Consumare carne rossa e lavorata ha un forte impatto sulla salute, anche a livello economico. A dimostrarlo il report “L’insostenibile impatto della carne in Italia”, pubblicato di recente in esclusiva da ilfattoquotidiano.it, e realizzato per LAV da Demetra, società che si occupa di ricerca scientifica e sostenibilità. Lo studio analizza i costi “nascosti” del consumo di carne in Italia, che vanno ben oltre il prezzo riportato in etichetta e riguardano i danni ambientali e sanitari che ogni anno pesano sulle tasche dei cittadini. Gli italiani pagano 36,6 miliardi di euro per i danni causati alla salute pubblica e all’ambiente, indipendentemente che scelgano o meno di consumare carne e derivati.
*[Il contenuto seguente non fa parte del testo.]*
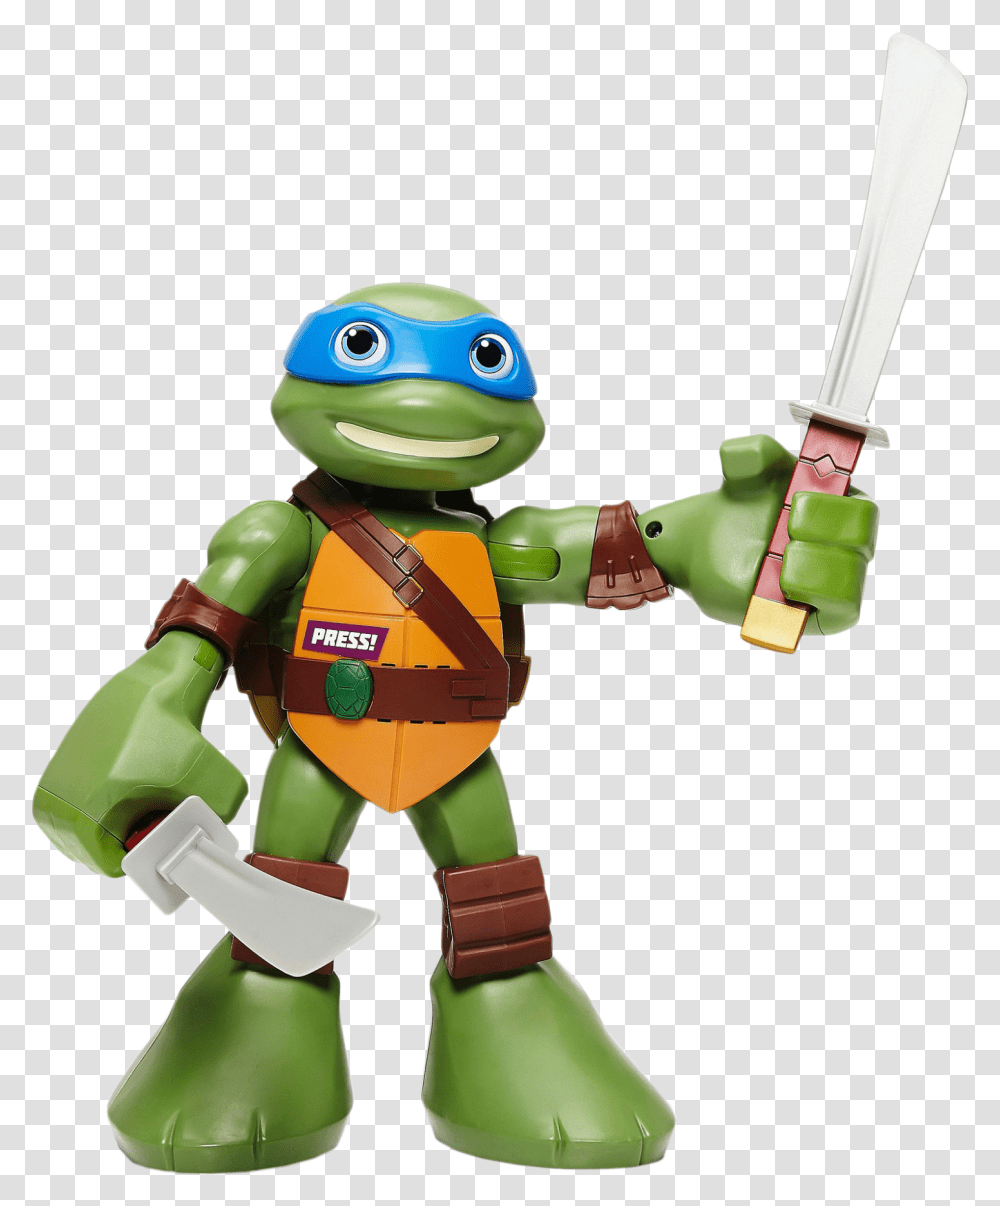 Shell Ninja Turtle Teenage Mutant Ninja Turtles Toy Leo, Robot, Costume Transparent Png

Parlando di impatto sulla salute, lo studio analizza la correlazione tra consumo di carne e la possibilità di contrarre quattro patologie: carcinoma del colon-retto, diabete di tipo 2, ictus e malattie cardiovascolari. Le analisi si basano su un consumo di 43,8 g al giorno di carne rossa e 46,0 g al giorno di carne lavorata, ovvero la media giornaliera consumata dagli onnivori in Italia. I dati scientifici dimostrano che il consumo di 43,8 g/gg di carne rossa aumenta del 3% il rischio di ammalarsi di carcinoma del colon-retto e dell’8,6% la possibilità di avere il diabete di tipo 2.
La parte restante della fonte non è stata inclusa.